The day before, a Monday, we had been visiting my brother-in-law in New York City. We had spent Thanksgiving with my parents and had stopped to see him for a couple days on our way through.
We headed back to Richmond that cold evening in the dark and our future seemed just as dim. We had been trying to have a baby for more than five years and I was convinced it was never going to happen. We were hoping and praying to adopt, but our agency's waiting list was at a stand still. And with how terribly painful each day had become at that point - each day I wasn't living out my vocation as a mother - telling me that we'd maybe be picked to parent a baby in a year or two might as well have been forever.
Little did we know how drastically our lives would change course early that next morning.
Hours after we returned home (and had eaten take-out Chinese food in which my fortune read "It's always darkest before the dawn"), in the early morning hours of December 1, 2009, a little baby girl was delivered while we slept, many miles away at a hospital in Louisiana. She was a surprise at only 30 weeks into her birthmother's pregnancy and her arrival - which took, by the account in her hospital paperwork, just a few minutes - was as quick as she was small. She weighed in at just three pounds, two ounces.
She would spend the next four weeks, exactly, in the NICU, where, I can imagine, she must have surpassed all expectations.

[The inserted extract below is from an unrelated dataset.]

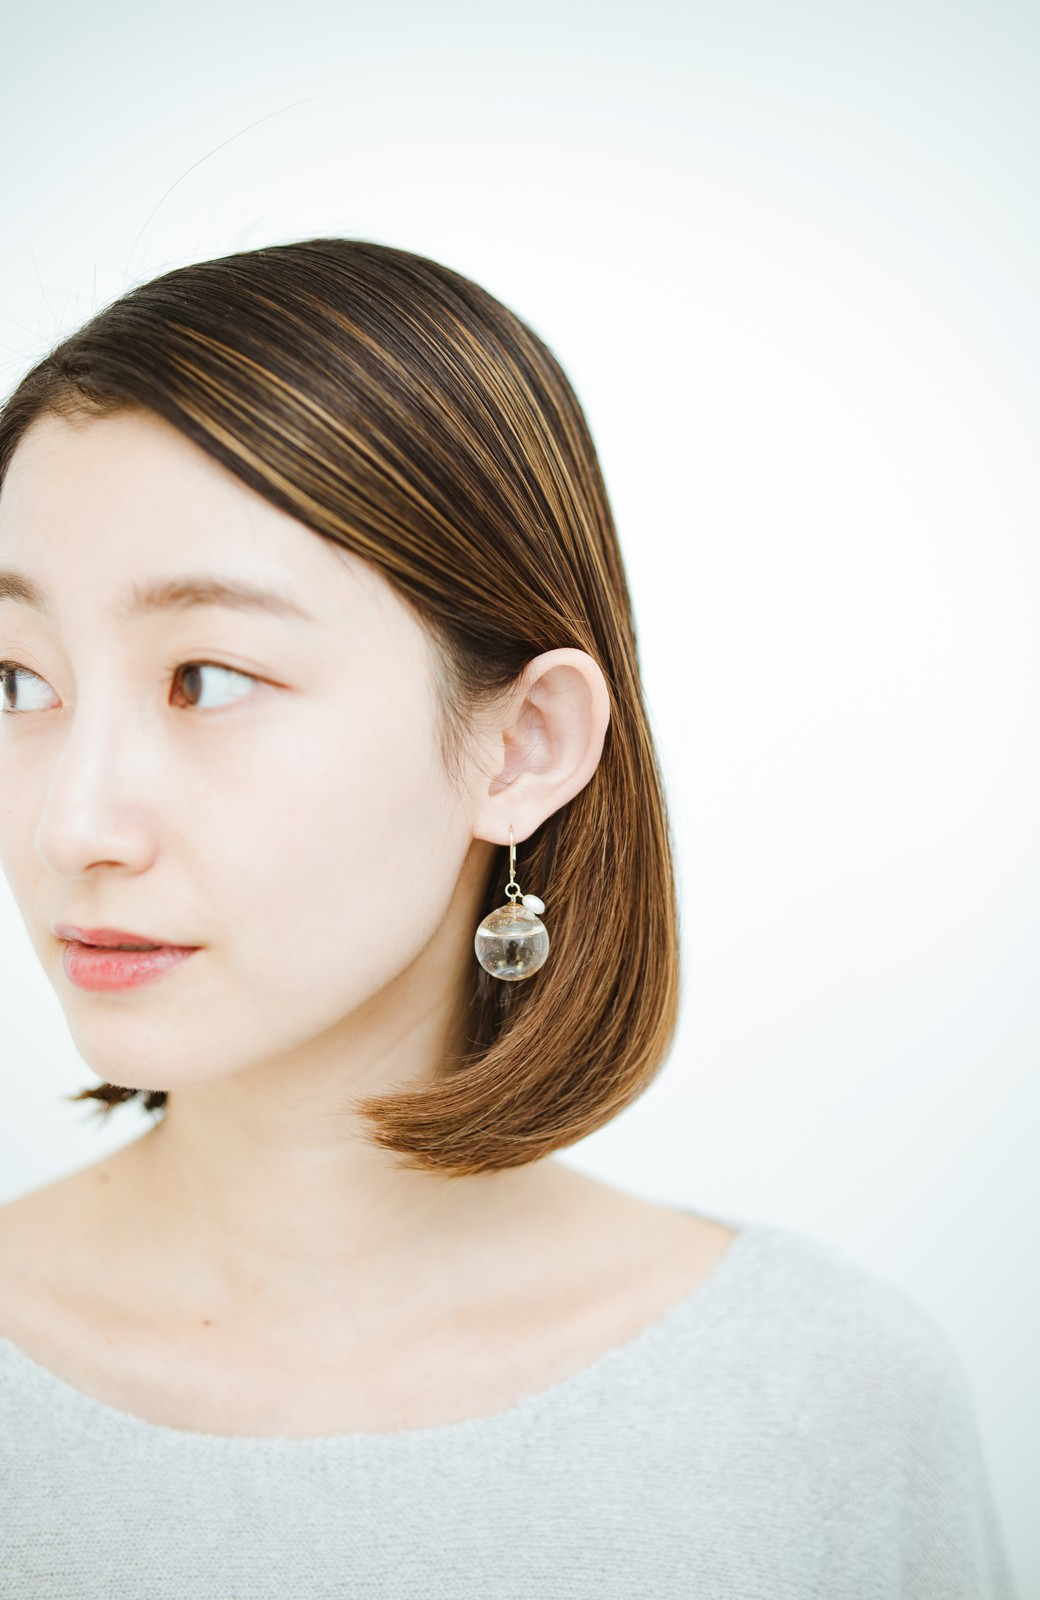 haco! てとひとて KANA MATSUNAMI チャリティー企画 Glass dome  French hookピアス <ゴールド>の商品写真6
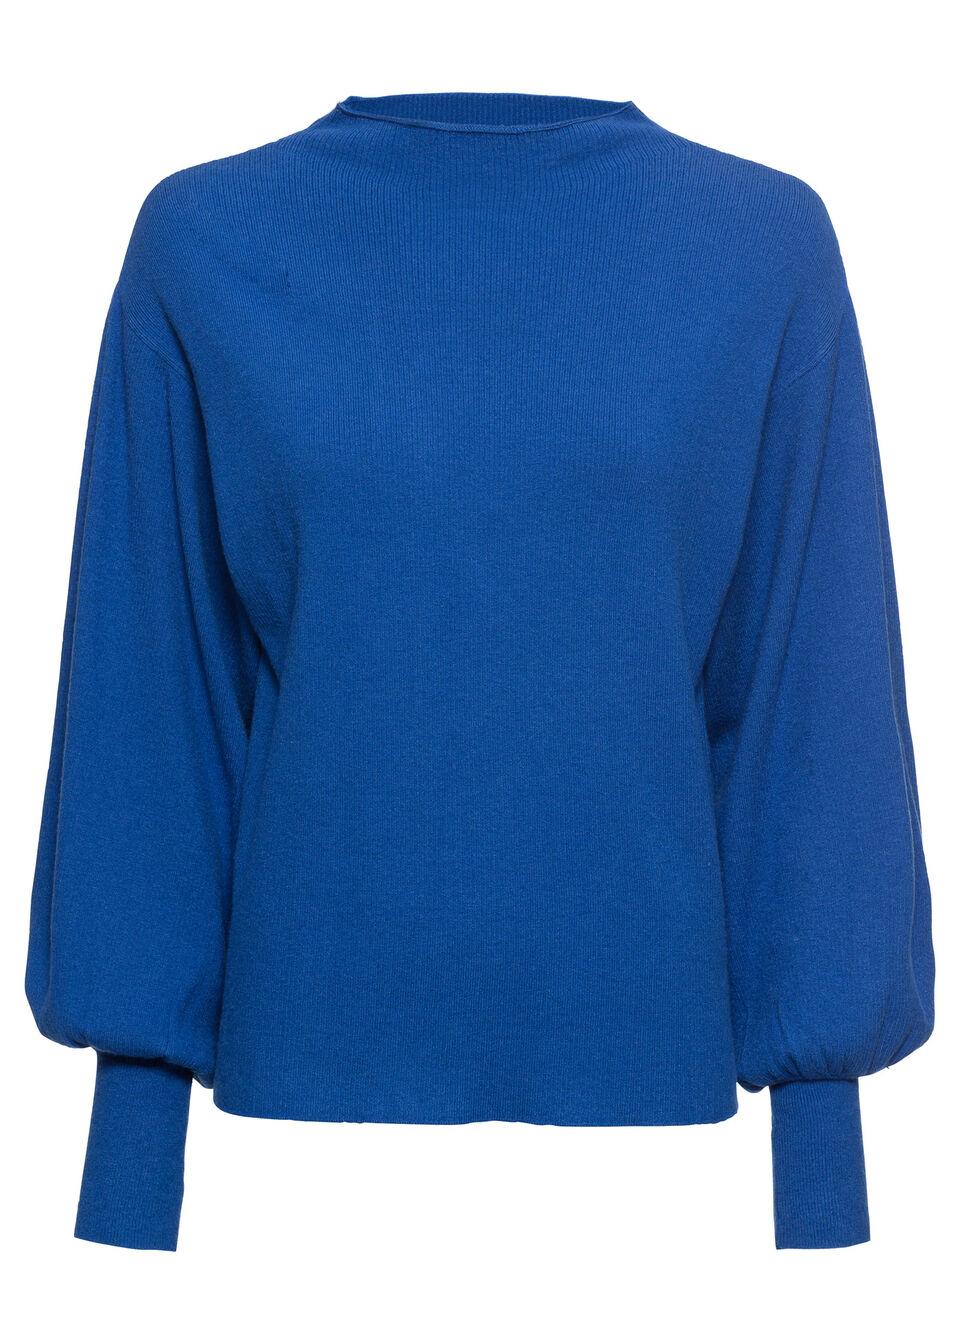 Sweter dzianinowy z balonowymi rękawami bonprix błękit królewski

She was released six weeks before her due date (weighing more than her birth weight) and she was breathing and eating and nestling her way into the hearts of the nurses right from the start.
I know this because I have exchanged emails with an angel of a nurse. I won't give her name, but I will say it's a three-letter word that I hoped and prayed for, and what my daughter finally truly brought me. I love her name.
That nurse with the most perfect name - who was hoping and praying to be blessed with a baby herself - saw something in that tiny baby who didn't have anyone keeping vigil at her bedside, what I'm sure was in stark contrast to all other NICU babies that Christmas season. She looked forward to coming to work every day to nurse that sweet baby back to health, even singing to her and giving her a name that only she called her.
If I had to pick someone to take my place before I could be there, I'd want it to be someone who knew that longing that only we know. Someone who had so much love to give. I don't think it was a coincidence.
That December I begged God, like I always did, to grow our family. But this time I sat and prayed every single day in a rocking chair in our office - with its bright red walls defiantly saying "I am not a nursery" - precisely because it would be our nursery. I wanted to maintain some ounce of hope. I wanted to pray my baby into existence in the room that he or she would sleep in.
I had no idea she was already in existence. My prayers had already been answered, I was already a mother, and I believe my constant prayers that Advent were ushered right to her. I couldn't be at her bedside, but the spot where I rocked and prayed every day would eventually become her bedside. I don't believe that was a coincidence either.
We met her when she was five weeks old, weighing just under five pounds. She was a miracle, not only because she was completely and totally healthy despite being born ten weeks early, but because she had somehow, against all odds, found her way to us, a couple in Virginia who had lost almost all hope.
That Tuesday, two years ago today, seemed uneventful to us. As we went about our day, we had no idea that our daughter, the person who would change us forever, was breathing her first breaths.
It turns out that day was the farthest thing from uneventful. It was a life-altering, earth-shattering day, despite what we saw with our own eyes.
It was our sweet Clara Therese's birthday.
It was the day I became a mother, even though I had absolutely no idea. God was working a miracle as I sat and cried to Him. He was bringing into existence a special soul and Our Lady was nursing her to health, with the help of a dear NICU nurse who loved her in my place.
That Advent we watched and waited for Our Lord, and for a family, like we had done five Advents before. And despite the darkness that had set in, out Christmas was right around the corner.
Words can not express how much we love you, Clara, and how much joy you have brought to our lives. Happy two years, baby girl.